Visto el absurdo desenlace, lo que más sorprende es que un dirigente tan acrobático y sibilino como el líder socialista haya permitido que trascendiera su propósito con Iceta sin atar antes todos los cabos con los grupos ultranacionalistas del Parlament, decisión que, por otra parte, también representaba un feo desaire a los senadores del PSOE elegidos en las urnas. No parece muy creíble que Sánchez haya pecado de tan supina inocencia con los que, como bien sabe, retuercen el sentido común, incumplen su palabra cuando les interesa y tienen a gala atentar contra el orden constitucional.

La respuesta del presidente ha sido tan sombría como las relaciones que hasta ahora ha mantenido con los grupos secesionistas. Decir que "no es un veto a Iceta, sino a la convivencia y al diálogo" es como fijarse en el dedo cuando el sabio señala la luna. Más que vetos a la convivencia, que también, lo que ocurre en Cataluña es un constante y flagrante incumplimiento de la legalidad por parte de los que avalaron la moción de censura, auxiliaron al Gobierno de Sánchez hasta que les convino y ahora anuncian bajo cuerda, eso sí, que apoyarán su investidura de manera condicional.
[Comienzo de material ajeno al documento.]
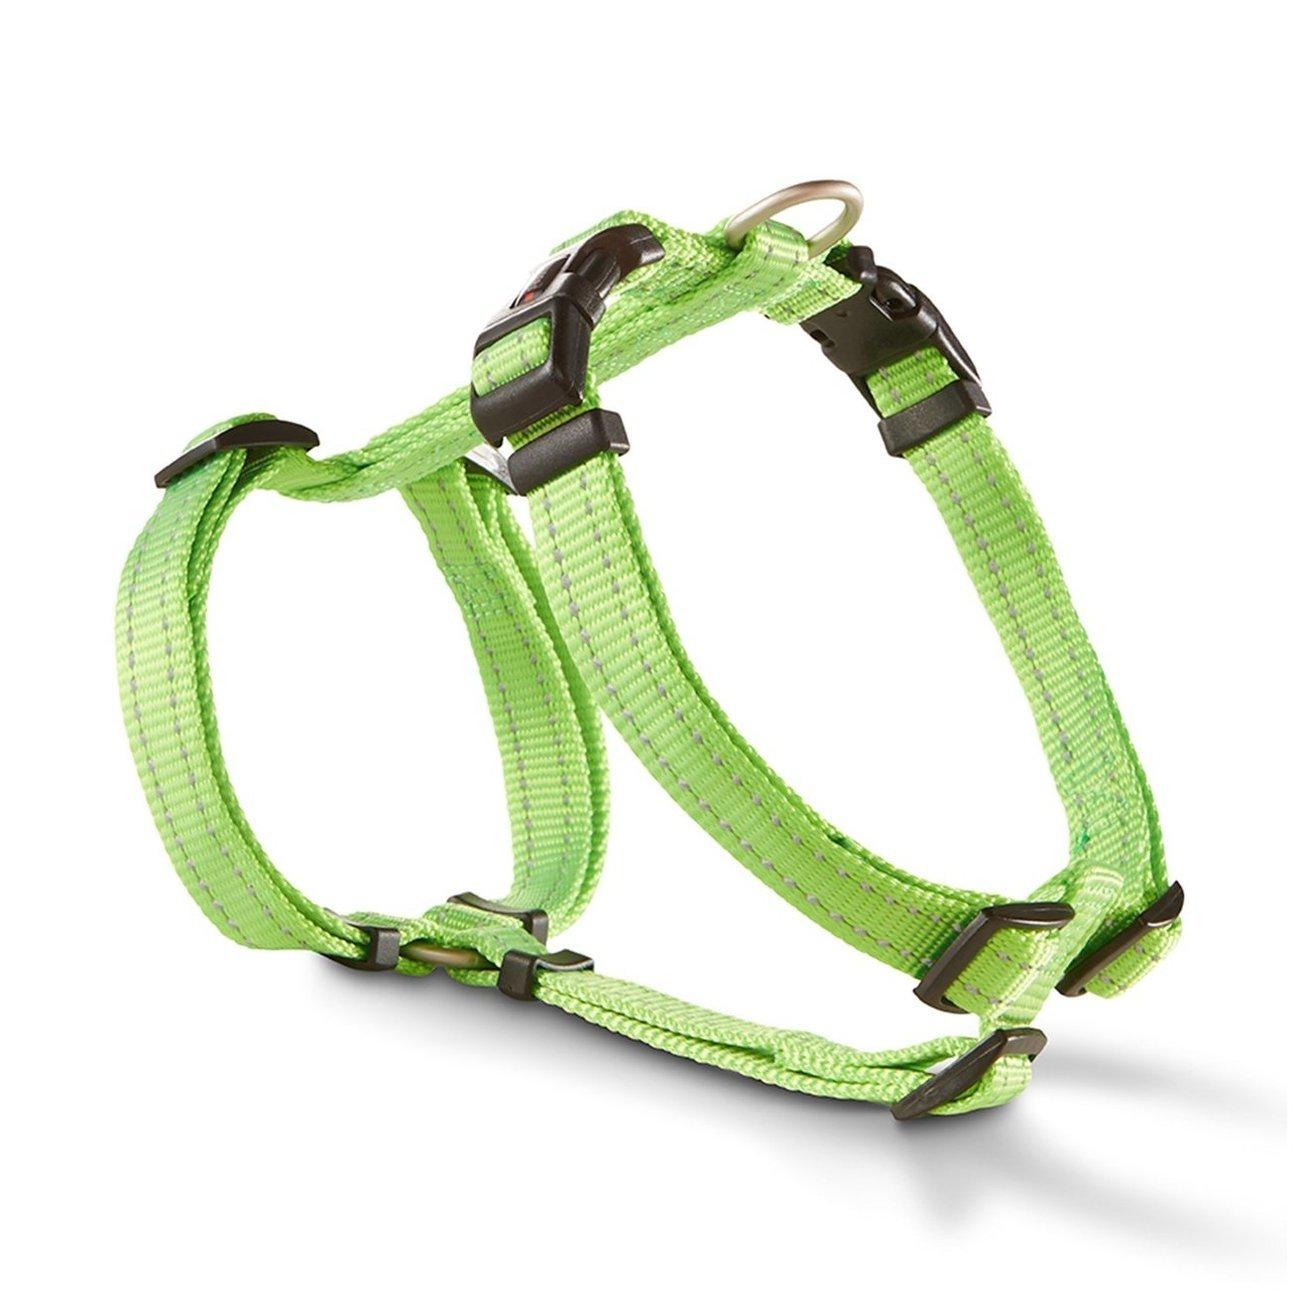 Wolters Hundegeschirr Soft & Safe Professional, Bild 3

La conclusión es farragosa, ya que el veto de ERC, Junts per Catalunya y la CUP a Iceta como senador ofrece posibles lecturas concomitantes que arrojan sospechas. Si, por un lado, los soberanistas demuestran a sus electores la rentabilidad del resultado obtenido en las elecciones generales para someter al Gobierno y proseguir el guión separatista; por otro lado, ventila los agobios de los candidatos socialistas en otras zonas de España, al revelar las maledicencias del PP y de Ciudadanos cuando afirmaron -con la impericia que les caracteriza desde que sonó el timbre electoral- que la designación de Iceta era el "pago de Sánchez a los golpistas" para recabar de nuevo su apoyo.
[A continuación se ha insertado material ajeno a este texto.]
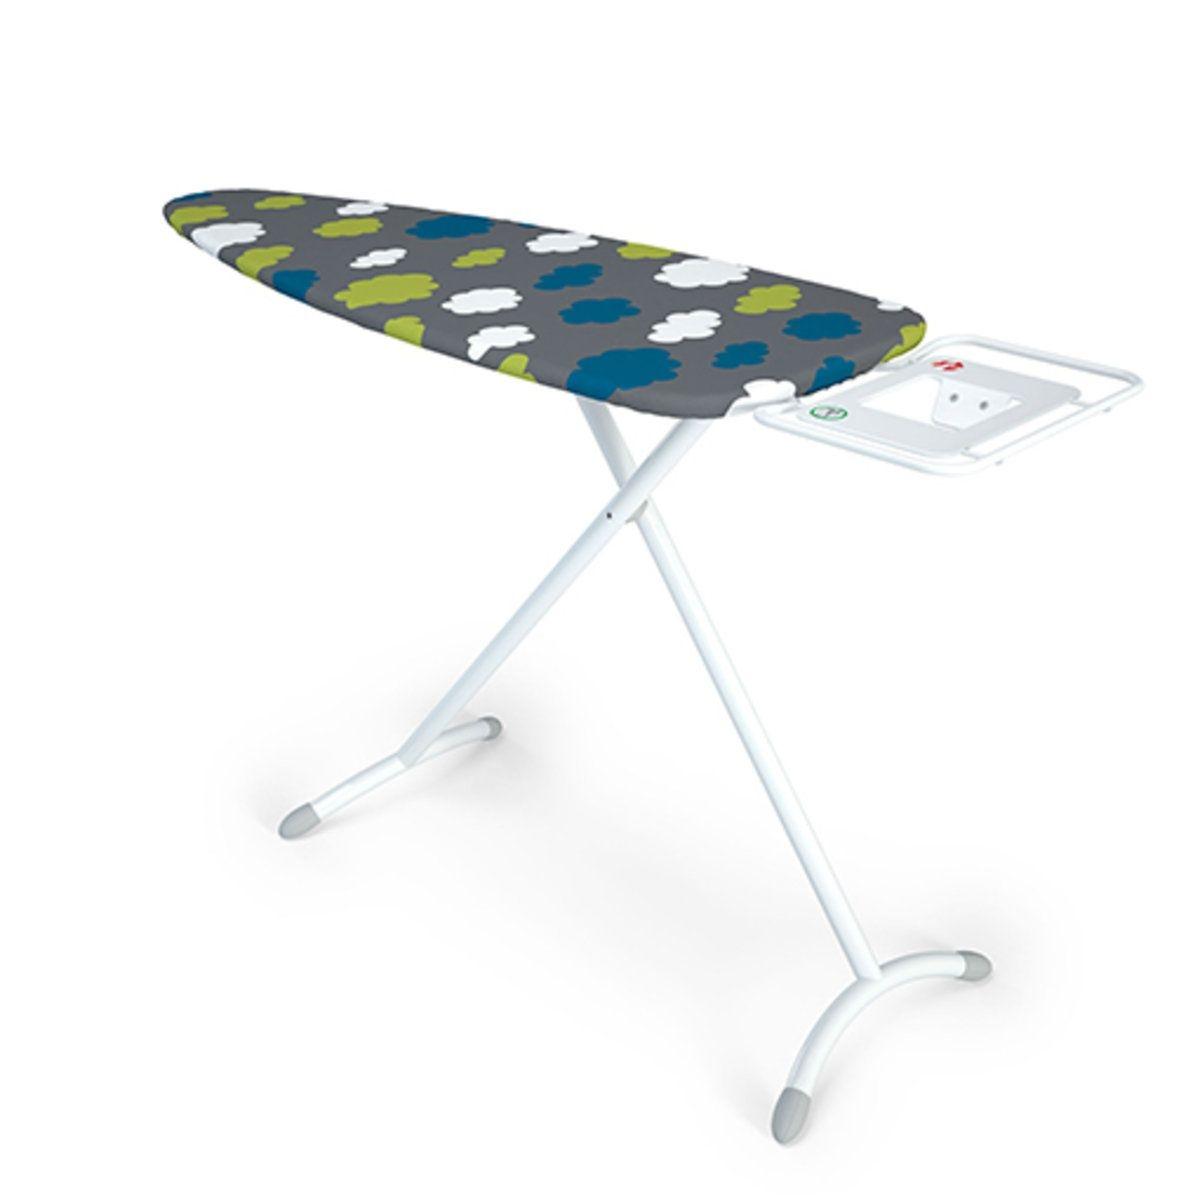 Vente table repasser tritoo maison et jardin - Table a repasser cdiscount ...

Lo único evidente es que la investidura supondrá a Sánchez un doble coste: el que exija Podemos, que está por ver, y el que dispongan los nacionalistas radicales, que será creciente. Si los independentistas (ERC, JxCat y Bildu) votan no, el jefe del Ejecutivo se vería abocado a convocar nuevos comicios, efugio que a ninguno de ellos interesa de momento. Y, por si acaso, conviene recordar que PSOE y ERC tienen una densa historia de entendimientos. En el Congreso, con Zapatero, y, en el Gobierno de Cataluña, con Maragall y con Montilla.